Gastrointestinal reflux disease (GERD) is one of the most common and debilitating esophageal conditions, affecting about one in five American adults. Initial treatments for the condition include lifestyle changes and medications, such as proton pump inhibitors. When those treatments fail, the next step can be anti-reflux surgery, often a procedure called fundoplication where the upper stomach is wrapped around the lower esophagus to reduce the acid that can enter the esophagus from the stomach. In addition to surgery, there are newer techniques performed endoscopically called TIF 2.0 and cTIF. These treatments are sometimes preferred because while they are more intensive than medication, they are less invasive than traditional fundoplication surgery.
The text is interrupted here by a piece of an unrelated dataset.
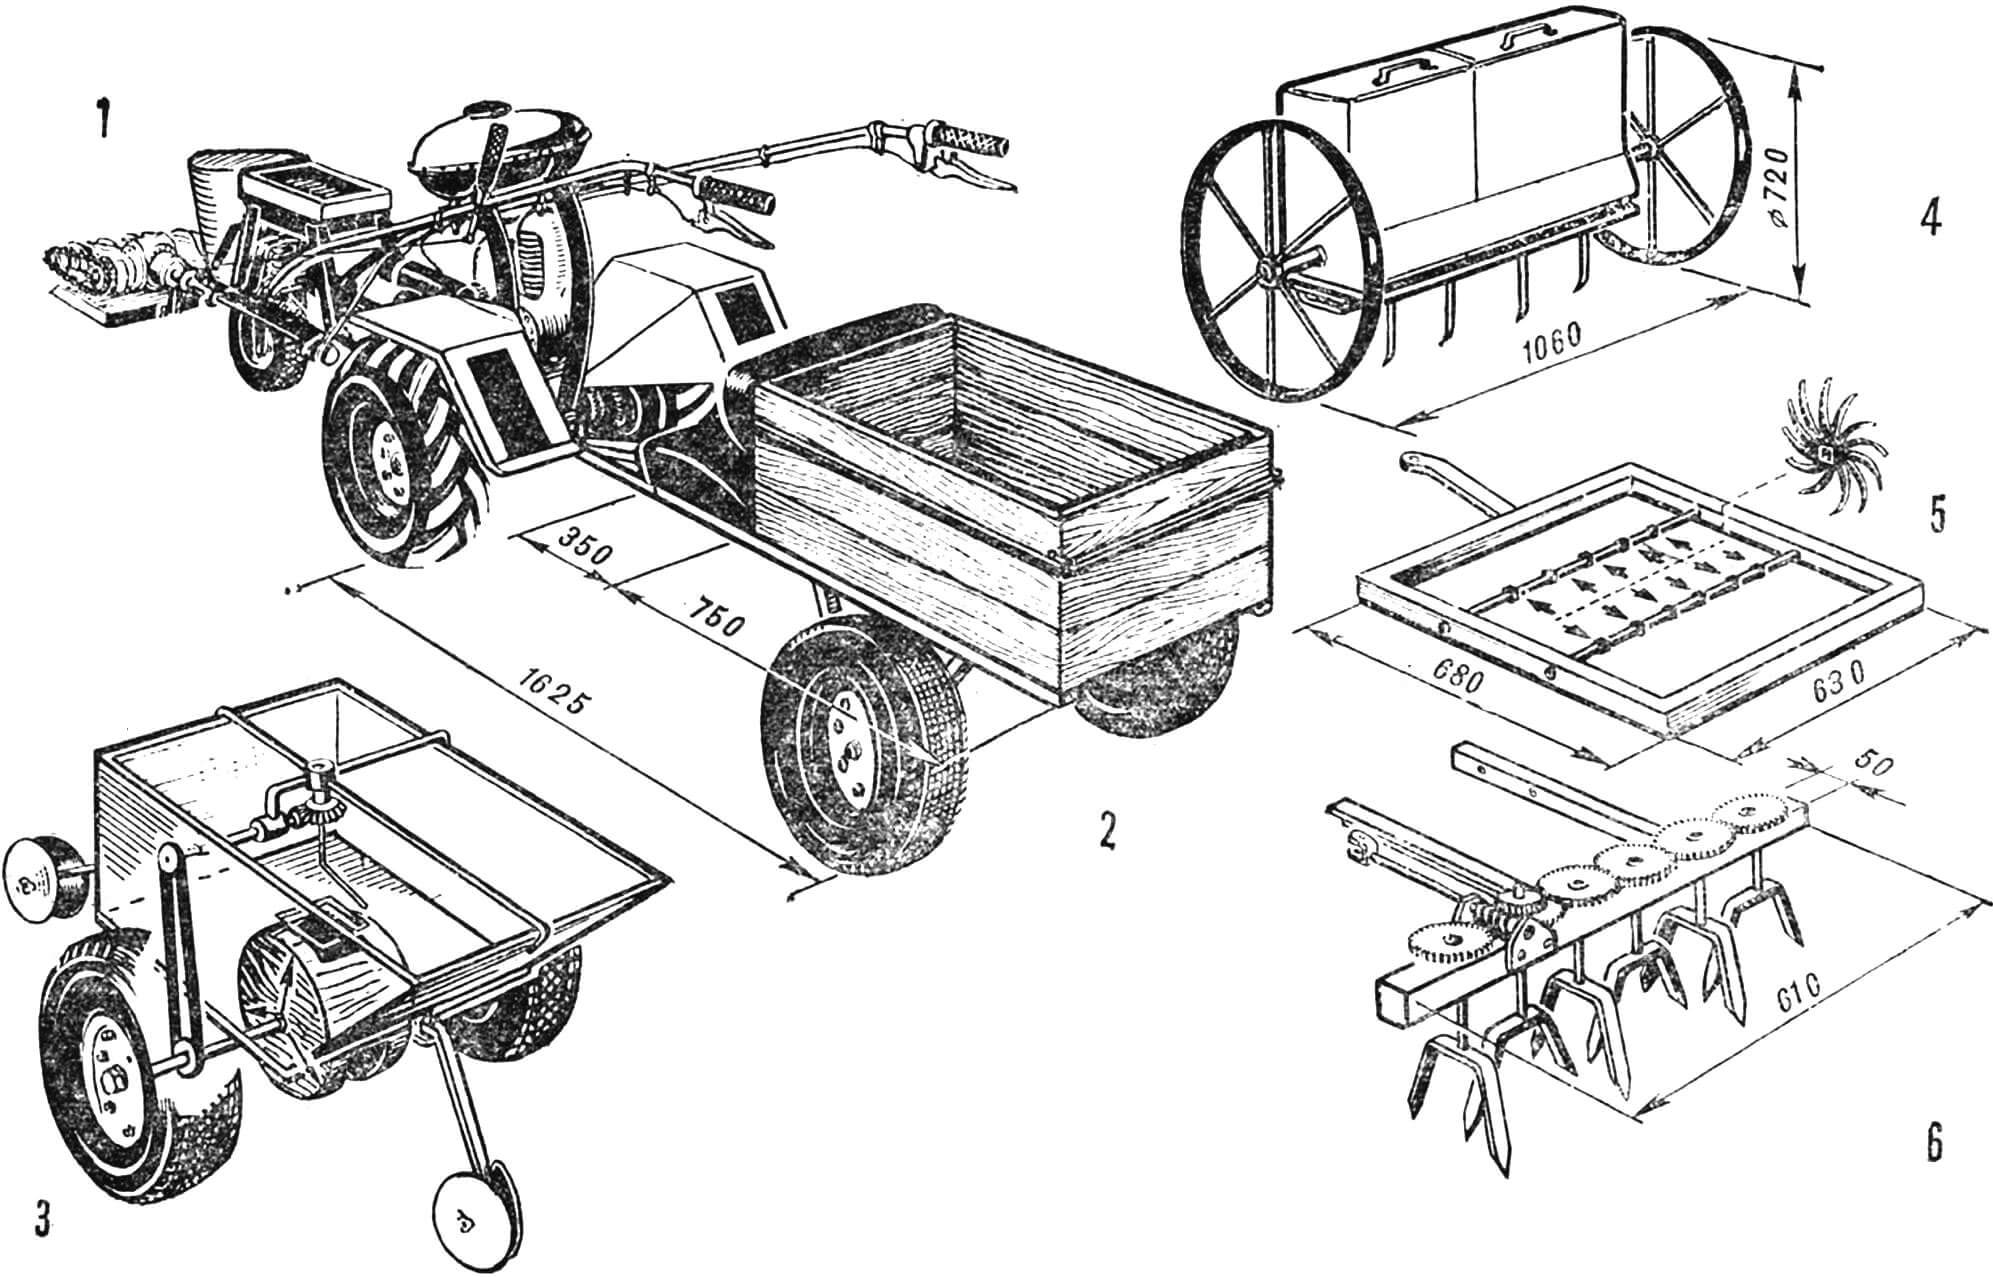 Рис. 1. Универсальная сельскохозяйственная машина УСММ-2 «Золушка» (базовая модель) с комплектом прицепных и навесных приспособлений

These newer techniques often are reported to have fewer side effects than fundoplication, such as gas-bloat syndrome and dysphagia.

“GERD is a common disease affecting millions of patients and a leading indication for endoscopy,” said Kate Freeman, MSN, NP, Executive Director of AFS, the only organization dedicated to the diagnosis and management of foregut disease through collaboration between gastroenterologists and surgeons. “To minimize the risks associated with traditional fundoplication surgery, some patients may be eligible for a non-surgical option called TIF. This white paper summarizes the published outcome data for TIF 2.0 and cTIF to date and outline the best practice approaches including patient assessment, selection, and management for TIF and cTIF.”